= Practice-based commissioning =

Practice-Based Commissioning (PBC) was a United Kingdom Department of Health initiative introduced in 2005 to improve primary care services by enabling healthcare professionals to decide how services are funded to meet the needs of the local population. PBC was designed to give healthcare staff, usually general medical practitioners (GPs), the resources and support to become directly involved in decisions on commissioning health services.

Policymakers wanted PBC to lead to high-quality services for patients in local and convenient settings. The incentive for GP involvement was that their practices could retain a proportion of any savings they made to invest in their own practices. In this respect, it was seen as a new Labour policy successor to the early 1990s Conservative policy of GP fundholding.

Lord Warner, former Labour Minister of State for Health, described the benefits of PBC as: "If there is an alternative that is better for the patient and better for the NHS, then practice-based commissioning provides the basis on which they can change the way that services are delivered."

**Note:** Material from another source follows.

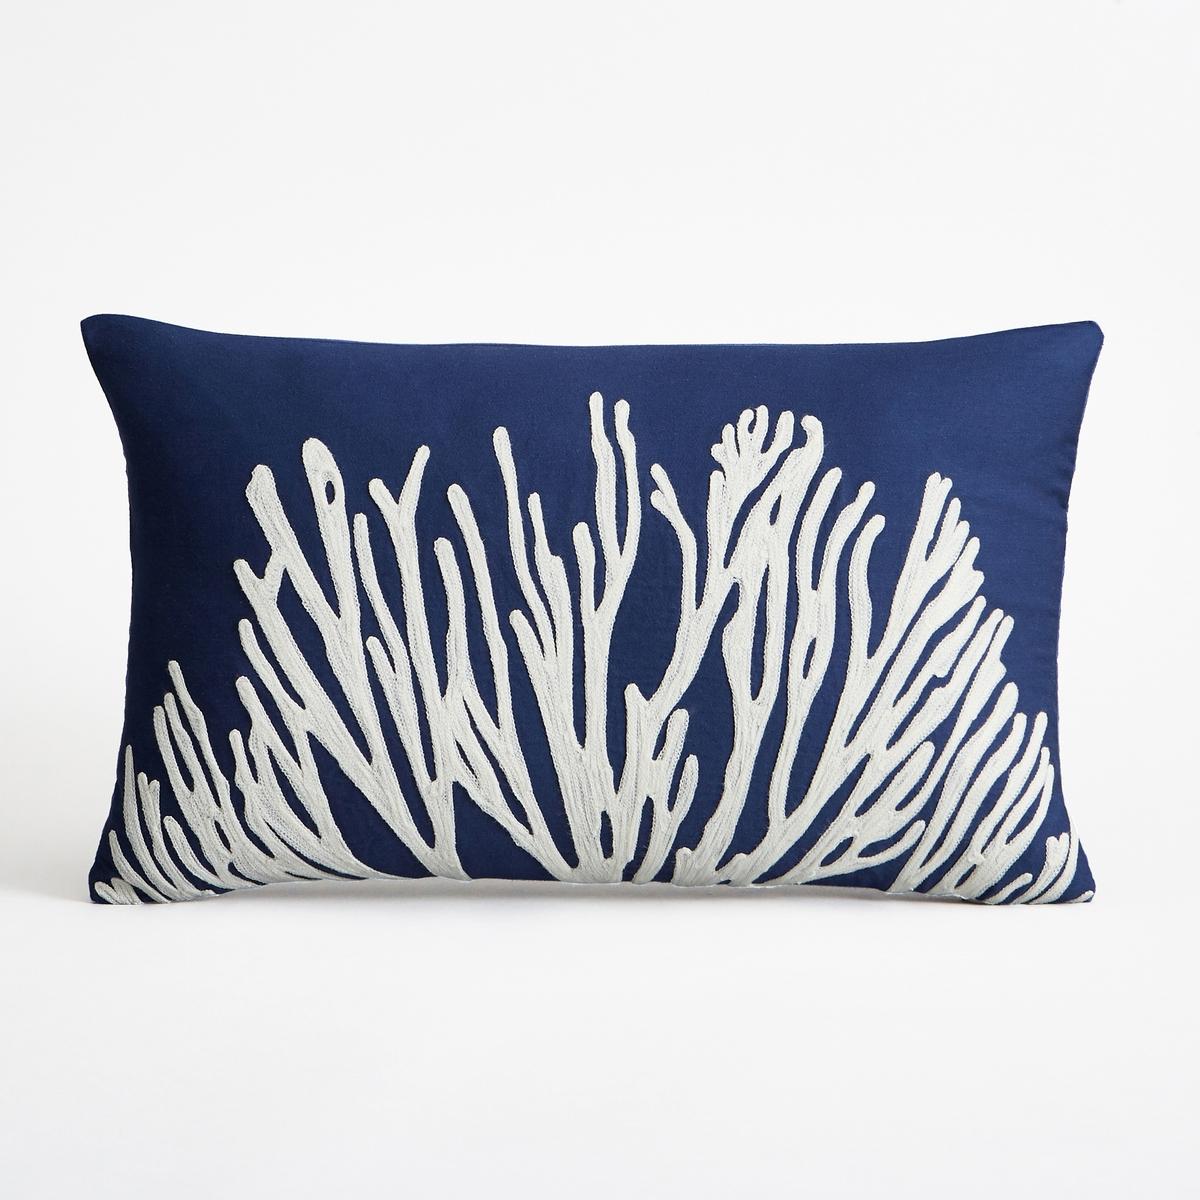 Наволочка на подушку-валик, Mariana<br><br>Цвет: синий морской<br>Размер: 50 x 30 см
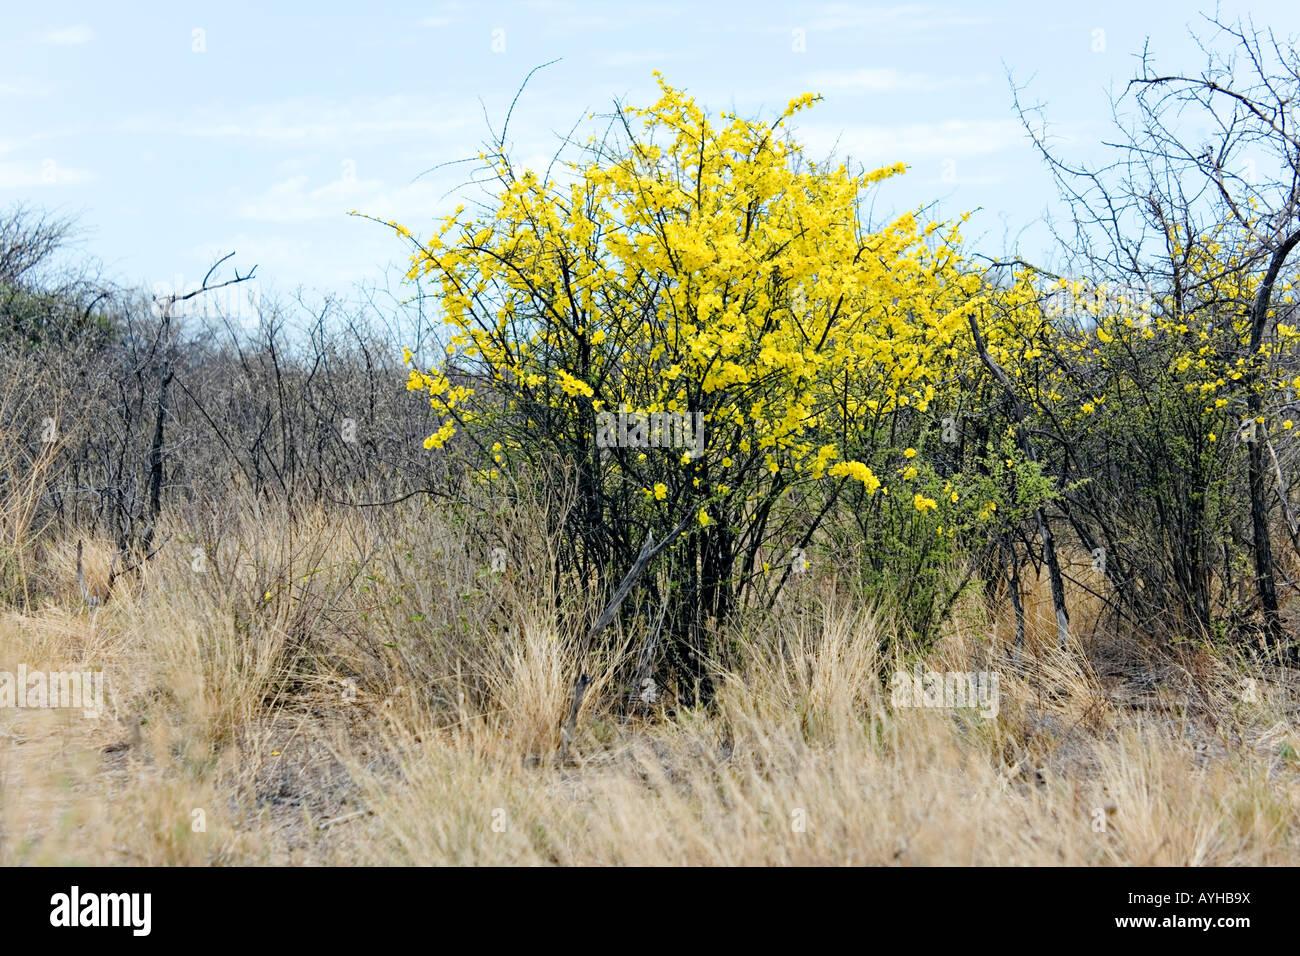 Western Rhigozum Rhigozum Brevispinosum Tree Stock Photos Western

The government intended GP practices to be supported by the PCTs (primary care trusts) to buy in ("commission") services for their patients based on cost and quality of care. This process was expected to generate financial savings of which 7/10ths may be retained by the practice for further investment while the remainder is passed back to the PCT.

Two years after the initiative was introduced, both doctors and primary care trusts were struggling to understand how to implement the scheme. By 2010, GP practices were forming coalitions known as consortia, in order to commission services at the necessary scale and efficiency. While this process was initially voluntary, eventually practices were ordered to become part of commissioning groups as part of the Health and Social Care Act 2012.